Implicit support with securitisations
On 25 October 2018, BaFin published a circular on implicit support with securitisation transactions (BaFin circular 13/2018) with reference to the German version of the Guidelines on Implicit Support with Securitisation Transactions (EBA/GL/2016/08) published by the EBA on 24 November 2016.
The guidelines on implicit support with securitisation transactions allows the EBA to meet its commitment pursuant to article 248 paragraph 2 of the regulation (EU) no. 575/2013 (CRR) to define the term arm’s length conditions and identify when transactions are structured in such a way that they don’t constitute implicit support. The guidelines also elaborate further on the reporting and documentation requirements as stated in article 248, paragraph 1 of the CRR. BaFin’s circular concerns the integration of these guidelines pursuant to article 2, paragraph 4 of the regulation (EU) no. 1093/2010 into national regulatory processes. BaFin’s circular reflects the content of the EBA’s guidelines. The circular was agreed with the German Bundesbank and came into force with immediate effect on 25 October 2018, the day it was published.

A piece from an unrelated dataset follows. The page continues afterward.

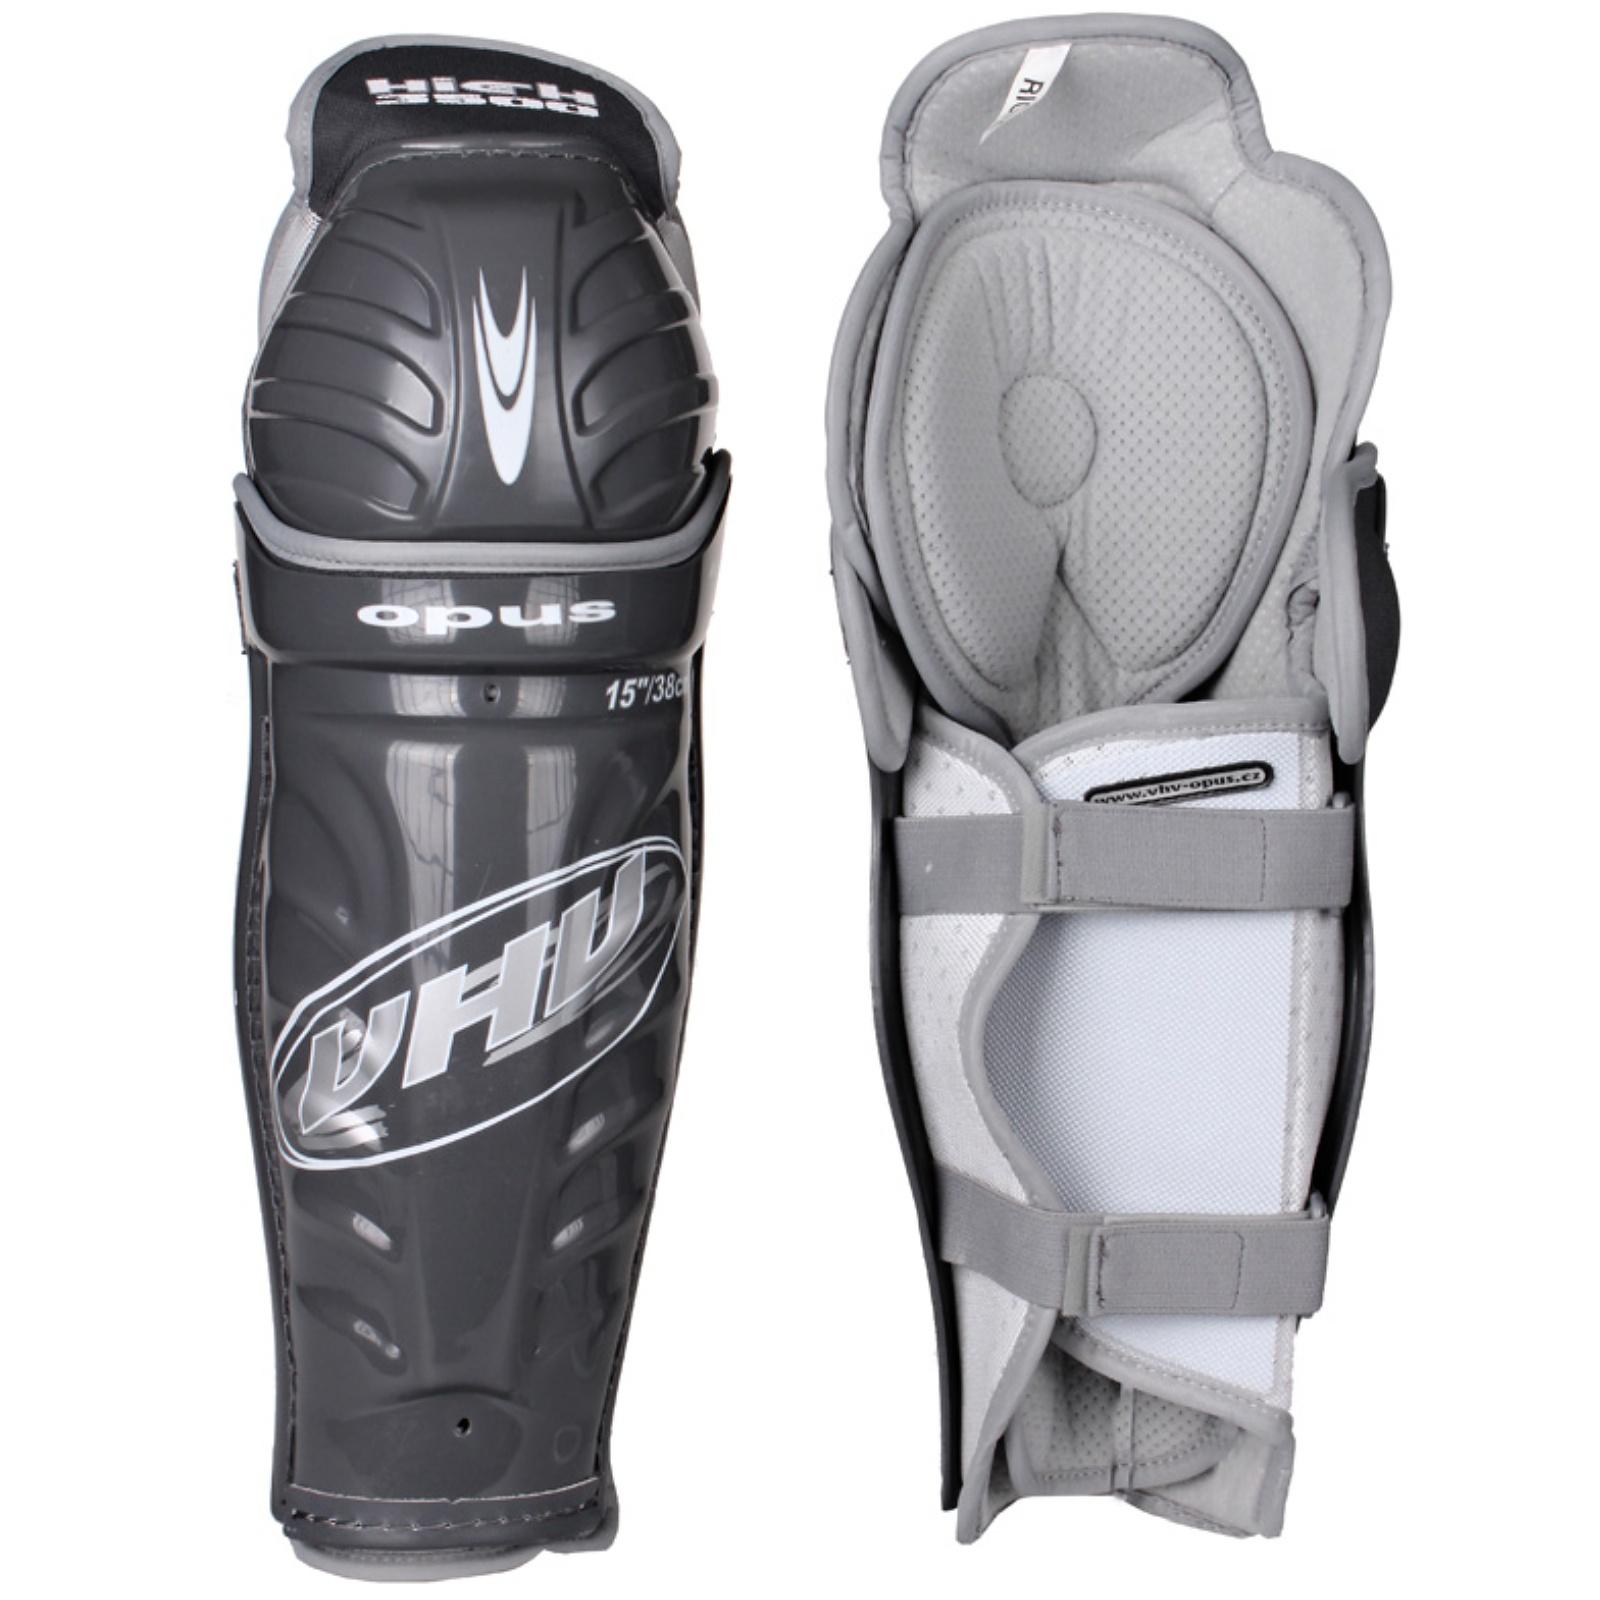 Hokejový chránič holení OPUS 3694 High 3500 SR - vel. 14''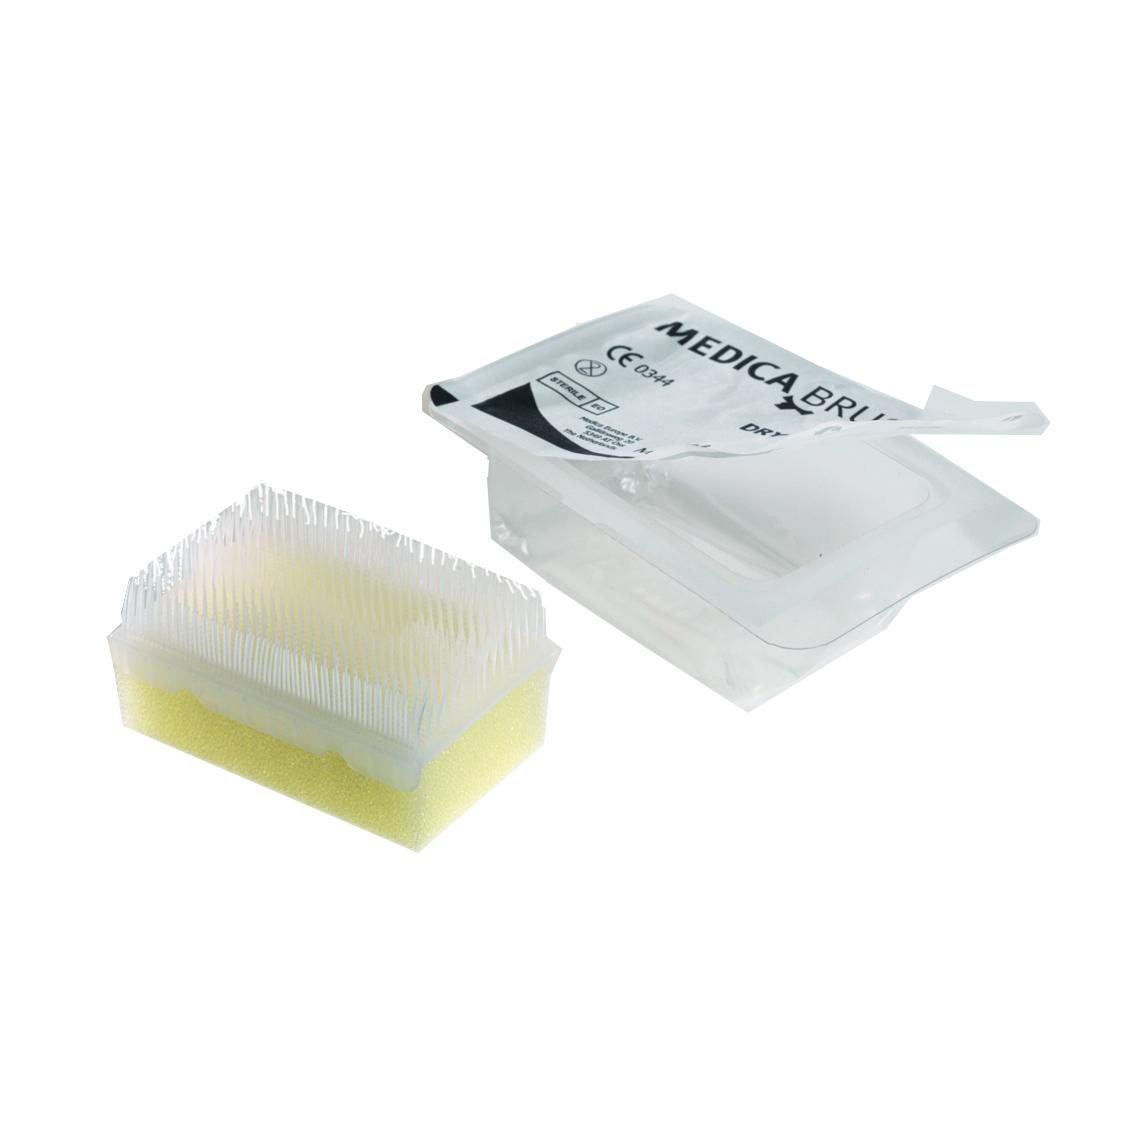 Medica Scrub Brushes Image

In its guidelines based on article 248, paragraph 2 of the CRR, the EBA explains what constitutes arm’s length conditions and when a transaction is structured in such a way that it doesn’t constitute implicit support. Following the EBA’s guidelines, BaFin’s circular 13/2018 states that a transaction doesn’t constitute implicit support if the transaction is executed for the sponsor or originator of a securitisation transaction at arm’s length conditions or at a lower cost than arm’s length conditions. Transactions carried out at arm’s length conditions are those whose conditions are identical to a standard commercial transaction. In other words, the two parties are not affiliated with one another and each party acts independently of the other and in its own interest. In order not to constitute implicit support, in addition to the above-mentioned criteria, transactions by an originator that transfer a significant credit risk must meet the conditions pursuant to article 243 of the CRR or, if applicable, article 244 of the CRR for the transfer of a significant risk in accordance with this circular and the guidelines adopted by the EBA on the transfer of a significant credit risk, or, the transaction shouldn’t be entered into with the aim of reducing investors’ potential or actual losses. If the transaction no longer meets the conditions for the transfer of a significant credit risk, the originator must maintain the same level of his own funds for all securitised exposures as he would have had to have done without securitisation.